Character Development

Hanna Heath Hanna’s reinvention completes her arc from isolated technician to field-forged conservator with a moral compass. She embraces her Identity and Belonging as Aaron’s daughter, regains her professional self-trust, and claims agency in how the Haggadah’s story continues.

  • Reclaims her name—Sharansky—and funds frontline conservation work
  • Cuts ties with her mother after the surgical confession
  • Accepts a risky mission to right a wrong done in her name
  • Makes the field’s defining discovery: the illuminator’s identity
  • Chooses reconciliation with Ozren over grievance

Ozren Karaman Ozren moves from grief-driven zeal to restitution. By helping return the book and sparing the forgery, he recommits to Sarajevo’s pluralist ideal.
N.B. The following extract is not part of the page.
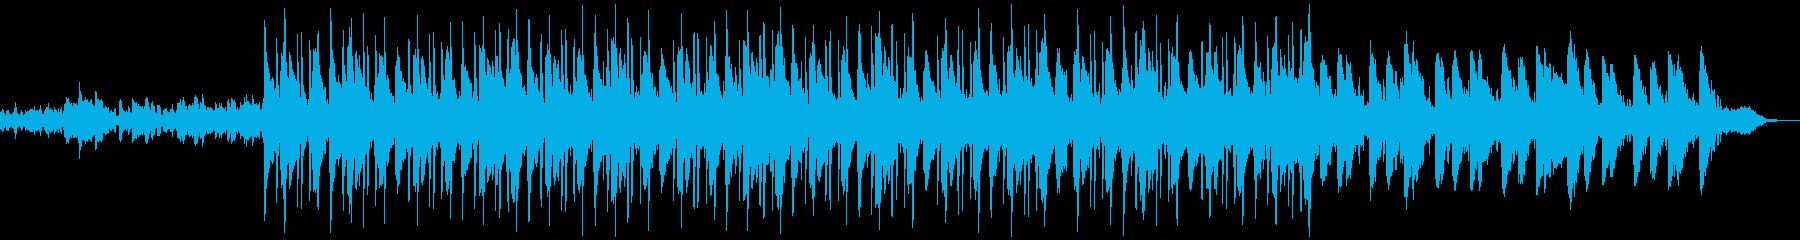 チルホップ落ち着いたスタディビートの再生済みの波形

  • Owns his role in the theft and seeks to repair the damage
  • Uses his position to enable the covert return
  • Rejects symbolic purging (burning) in favor of preservation and healing

Werner Heinrich Absent but pivotal, Heinrich is a tragic antagonist shaped by childhood complicity in Nazi book burnings. His obsession to “protect” Hebrew culture collapses into ethical blindness, illustrating how the force of The Relationship Between Past and Present can warp principle into fanaticism.


Themes & Symbols

The Power and Endurance of Stories and Artifacts With Zahra’s hidden signature, the Haggadah reveals a new chapter after five centuries, proving that artifacts continue to speak when cared for by attentive hands. Choosing not to burn the forgery affirms that even imitations accrue meaning; the copy becomes a witness to the book’s modern trials. Hanna’s fig seed literalizes stewardship—planting future discovery—underscoring The Power and Endurance of Stories and Artifacts.

Religious and Cultural Coexistence and Conflict Zahra’s identity reframes the Haggadah as an interfaith creation: a Jewish ritual text illuminated by a Muslim woman in medieval Spain. The book’s survival—saved over centuries by Christians and Muslims—culminates in a return engineered by Jewish and Bosnian allies. The novel’s closing chord argues for Religious and Cultural Coexistence and Conflict as the crucible in which shared cultural treasures are made and preserved.

Book Burning Fire shadows every era: inquisitorial pyres, Nazi bonfires, the shelling of Sarajevo’s library, and the hearth in Ozren’s attic. By refusing to burn the fake, Hanna and Ozren reject purification through destruction and embrace an ethics of memory—keeping even the uncomfortable parts of the story alive.


Key Quotes

“Zahra bint Ibrahim al-Tarek.” Hanna’s reading of the illuminator’s signature solves the novel’s central mystery and expands the Haggadah’s authorship beyond expected boundaries, anchoring interfaith creation in a single name.

“the Moorish woman” This sobriquet situates Zahra in Seville’s cosmopolitan past, marking the book’s origins in a cross-cultural milieu and amplifying the theme of coexistence.

“Let it be the last book ever burned in this city.” Ozren’s plea gathers centuries of loss into one refusal. Deciding against the fire transforms vengeance into care and turns the attic scene into a manifesto for preservation.

“The Haggadah is a test.” Framed as a moral trial, the book challenges characters and nations to choose shared humanity over fear, pushing the story’s ethical stakes into the present.


Why This Matters and Section Significance

The finale resolves the whodunit, the why, and—most thrillingly—the who behind the illuminations, while restoring Hanna’s confidence and reweaving her fractured relationships. By returning the real Haggadah to Sarajevo, the chapter threads restitution through romance, ethics, and art history, closing the circle without erasing its knots. As the Full Book Summary culminates, the novel affirms resilience, coexistence, and an expansive view of cultural memory: the answer to centuries of erasure isn’t more ash, but the deliberate keeping of every page—including the forged ones.